Pay growth failed to keep pace with rising prices in July despite a jump in average wages, according to official data that showed the cost of living crisis continued to affect millions of households throughout the summer.
Average pay including bonuses rose by 5.5% in the three months to July while regular pay (excluding bonuses) increased by 5.2%, up from 4.7% in June.
Workers continued to be hardest hit in the public sector, where regular pay grew by 2%, compared with 6% in the private sector.
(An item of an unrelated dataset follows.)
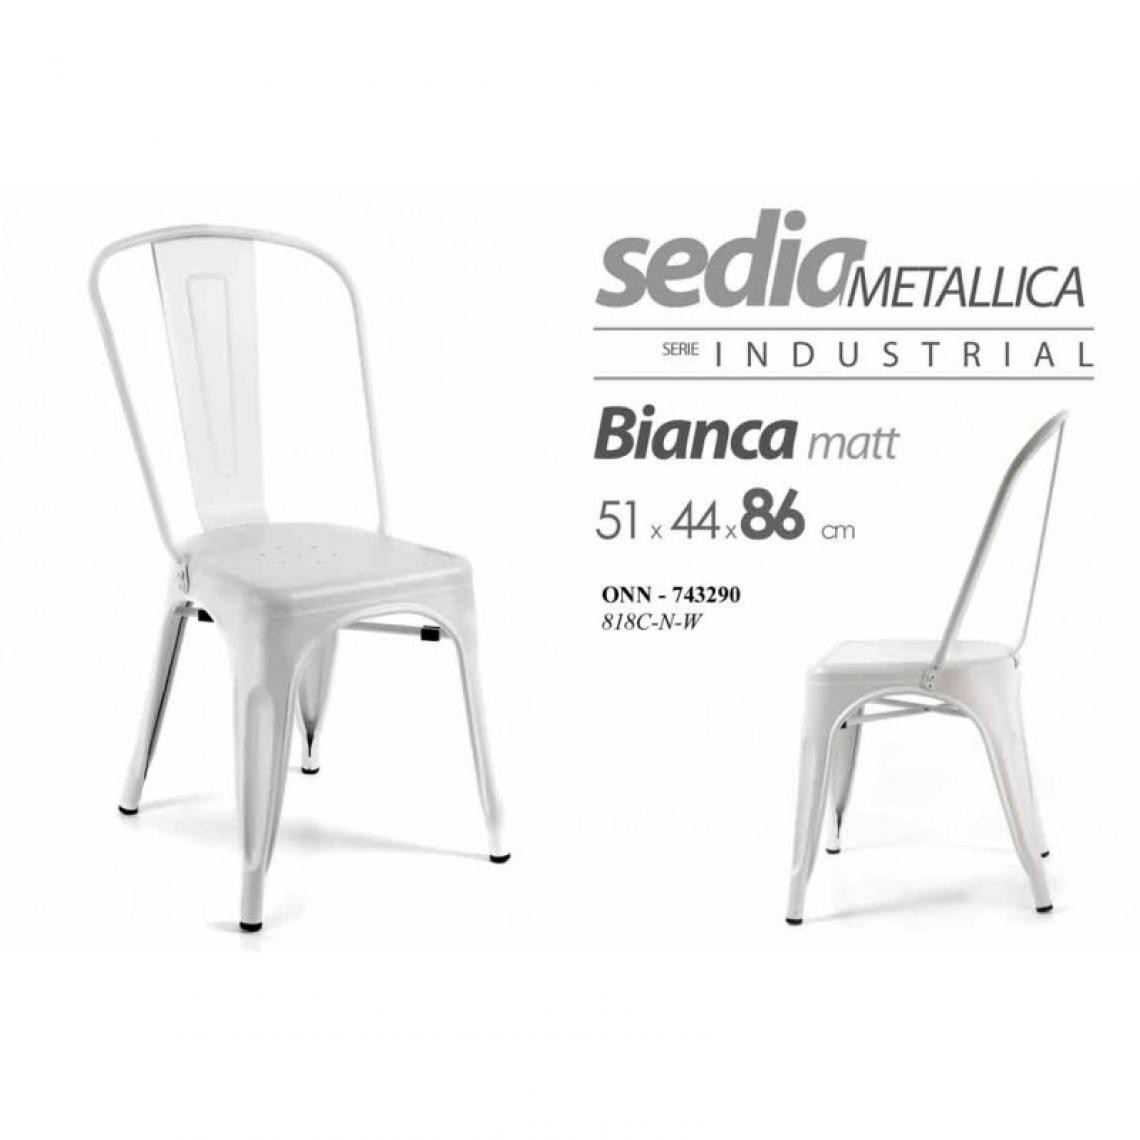 Webmarketpoint - Chaise industrielle blanche en métal style urbain cm 51 x 44 x 86 h - Chaises
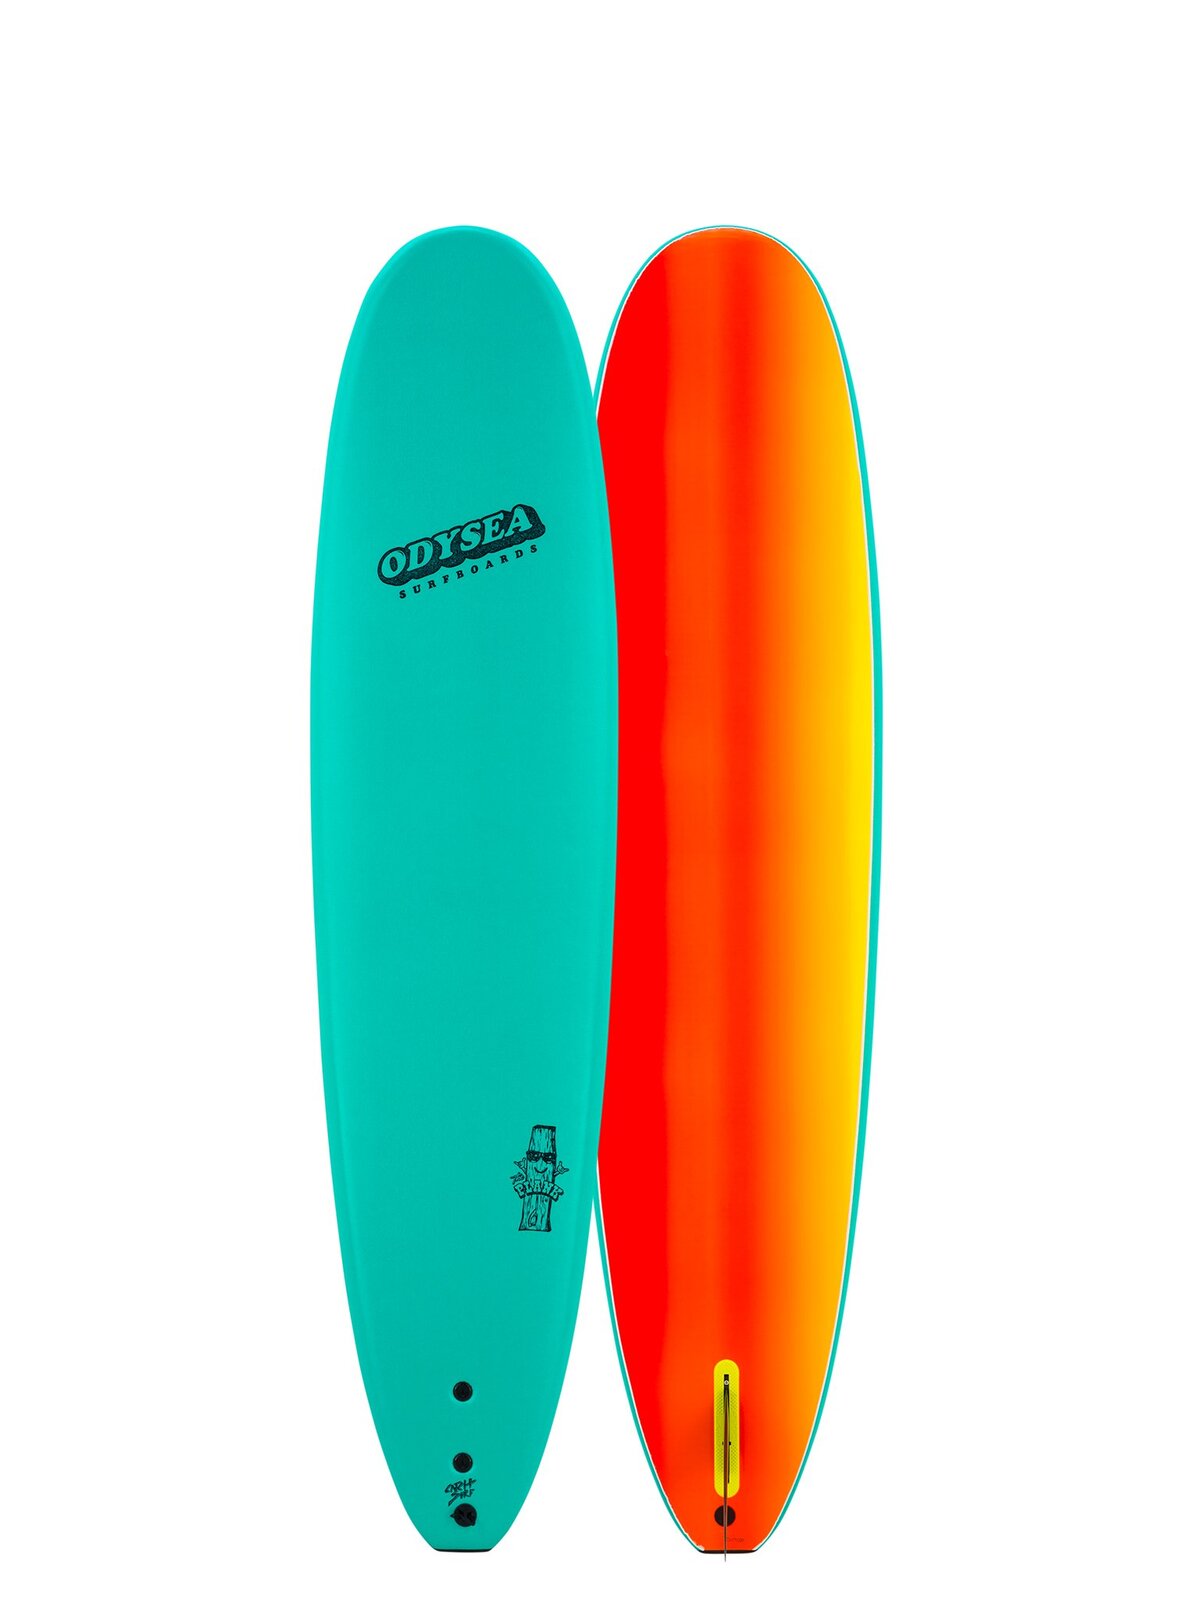 CATCH SURF Odysea Plank 8'0 Single Fin 2022/23 Model

Annual inflation was 10.1% in July, the highest level in 40 years.
The growth in wages came against a backdrop of falling unemployment, which declined to its lowest level since 1974, but the trend for wages to trail inflation was maintained.
According to the Office for National Statistics, wages adjusted for inflation fell by 2.6% including bonuses and by 2.8% excluding bonuses.
The fall in unemployment provided a bright spot after the headline rate declined from 3.8% to 3.6% in the three months to July.
Analysts also said the drop in unemployment could partly be explained by a rise in the number of workers classified as long-term sick.
James Smith, an economist at ING, said: “Alarmingly, the number of people classifying as not working due to long-term sickness is up by almost 400,000 since late 2019, and almost 150,000 in the last two months’ worth of data alone.
“It’s hard to escape the conclusion that this is linked to the pressures in the NHS.”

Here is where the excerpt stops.